But those arguments have not been enough to sway local critics. A newspaper opinion poll put opposition to El Salvador’s involvement in Iraq at 81 percent. In 2004, masked protesters briefly took over the country’s main cathedral and demanded an immediate withdrawal of troops. For the most part, though, Salvadorans have been preoccupied with local concerns, such as their economic woes and the insecurity that causes strains in their own country.

Every time a new contingent is sent, though, the legislature splits along party lines, with the right-wing government and its allies backing the plan and the leftist opposition voting no.

“It’s the gringos’ war,” said one critic, Olga Serrano, who is executive secretary of a group of wounded veterans from the war in the 1980s. “What are we doing over there?”

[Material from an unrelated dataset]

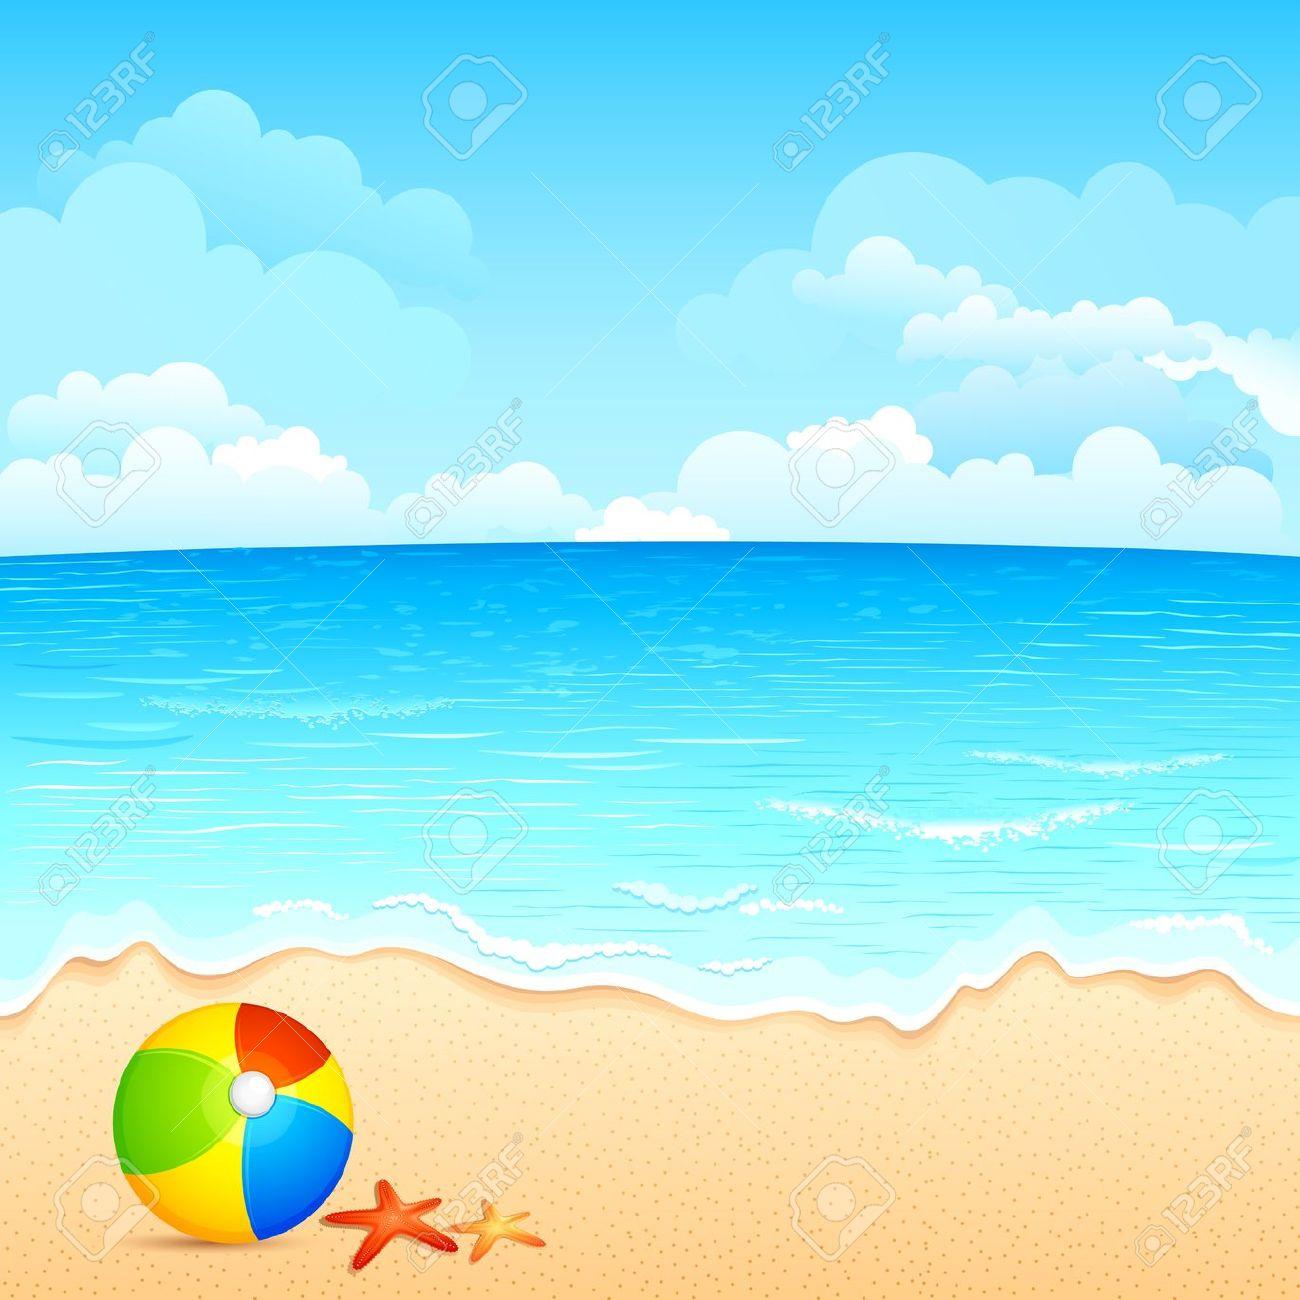 Ocean scenery clipart.

Behind the scenes, government officials sell the plan differently. They point to all the benefits they believe they are receiving from Washington as a result of their assistance, even as the Bush administration insists that it is not giving El Salvador special favors for its troop presence.

“We’re doing this to help the Iraqis but we’re also doing this for our own people,” said Carlos Rolando Herrarte Rivas, a legislator from the center-right Christian Democratic Party who went to Iraq in December as part of a government delegation to visit the troops. “The president can’t say that but that’s why we’re doing it.”

Mr. Herrarte, a retired colonel, said the Bush administration had been treating Salvadoran migrants well despite strong anti-immigrant sentiment in the United States. He pointed to the Bush administration’s decision in January 2005 to grant a one-year extension of temporary protected status for about 250,000 Salvadorans living in the United States. The status gives them a reprieve from deportation because of natural disasters or political turmoil at home.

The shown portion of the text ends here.